Scaling Distributed Training with Adaptive Summation

Part of Proceedings of Machine Learning and Systems 3 (MLSys 2021)

Bibtex Paper

Authors

Saeed Maleki, Madan Musuvathi, Todd Mytkowicz, Olli Saarikivi, Tianju Xu, Vadim Eksarevskiy, Jaliya Ekanayake, Emad Barsoum

Abstract

Data parallelism is a common way to parallelize stochastic gradient descent (SGD). However, the loss of convergence at large minibatch sizes limits the scalability of data parallelism. This paper introduces a novel method to combine gradients called Adasum that significantly improves the convergence when using large minibatches. This paper provides the intuition and formal justification of Adasum along with a convergence proof. Additionally, the paper describes an efficient implementation of Adasum and its integration into the open-source toolkit Horovod for use in both TensorFlow and PyTorch.

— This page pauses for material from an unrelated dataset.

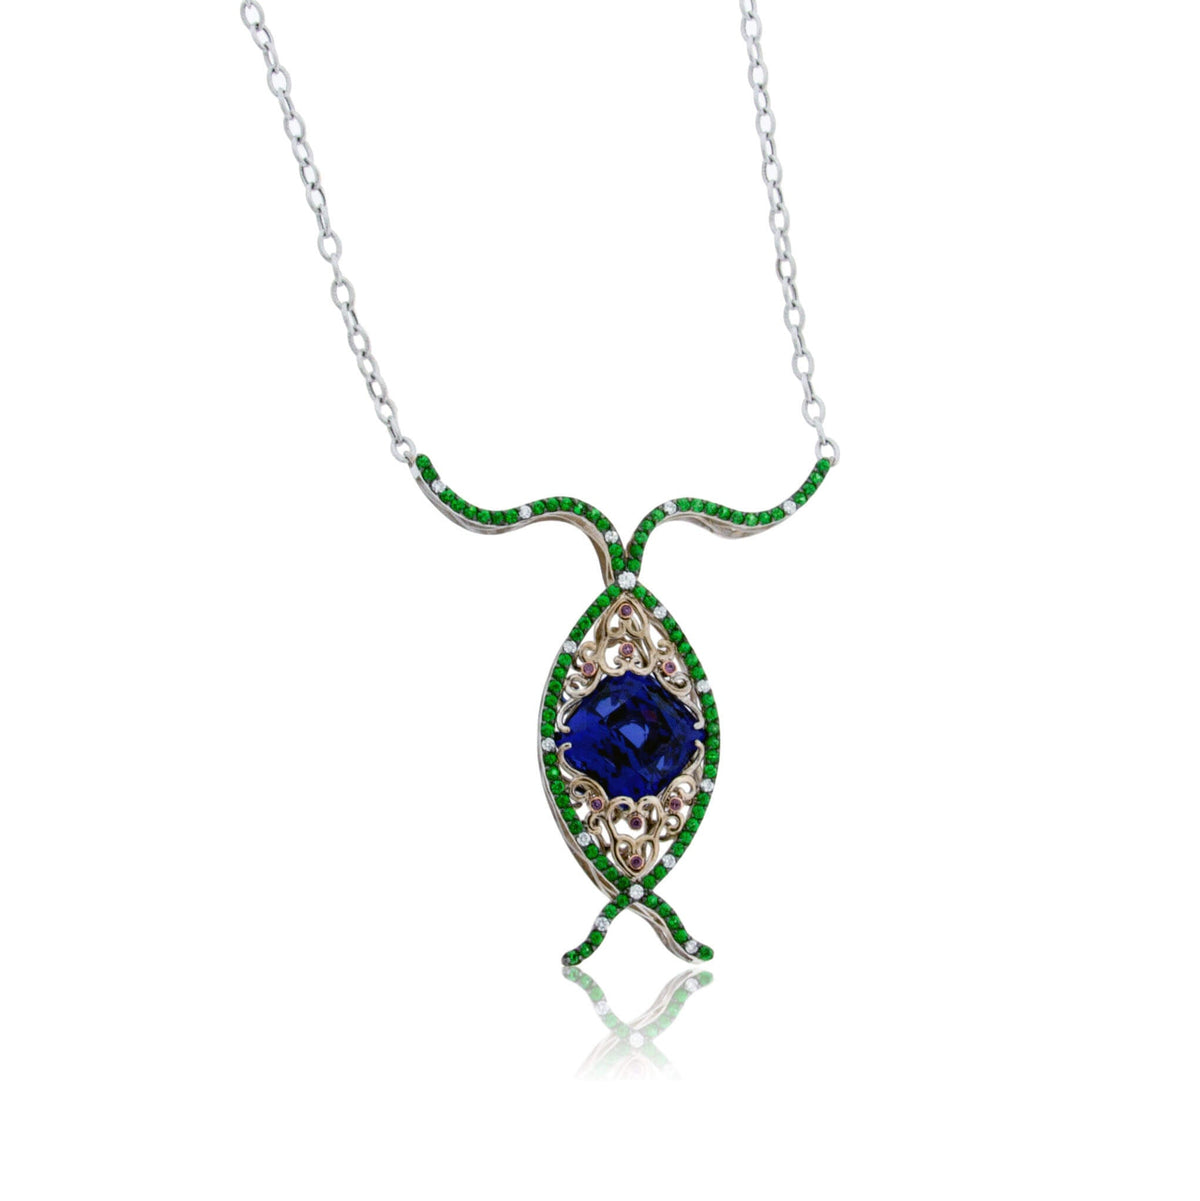 29.70 carat Tanzanite pendant designed by Cole Whipple

The paper empirically shows that Adasum improves convergence when using large minibatch sizes for multiple optimizers (Momentum-SGD, Adam, and LAMB). For BERT-Large training with a minibatch size of 64K, using both Adasum and LAMB training converges in 20% fewer epochs than with LAMB alone. This combination also allows BERT-Large training to scale to a 128K minibatch size. While one of the motivations for LAMB was the inability of the Adam optimizer to scale beyond a minibatch size of 16K, we show that Adasum helps Adam scale BERT-Large training to a 64K minibatch size. Our implementation of Adasum in Horovod has already been adopted in several production environments.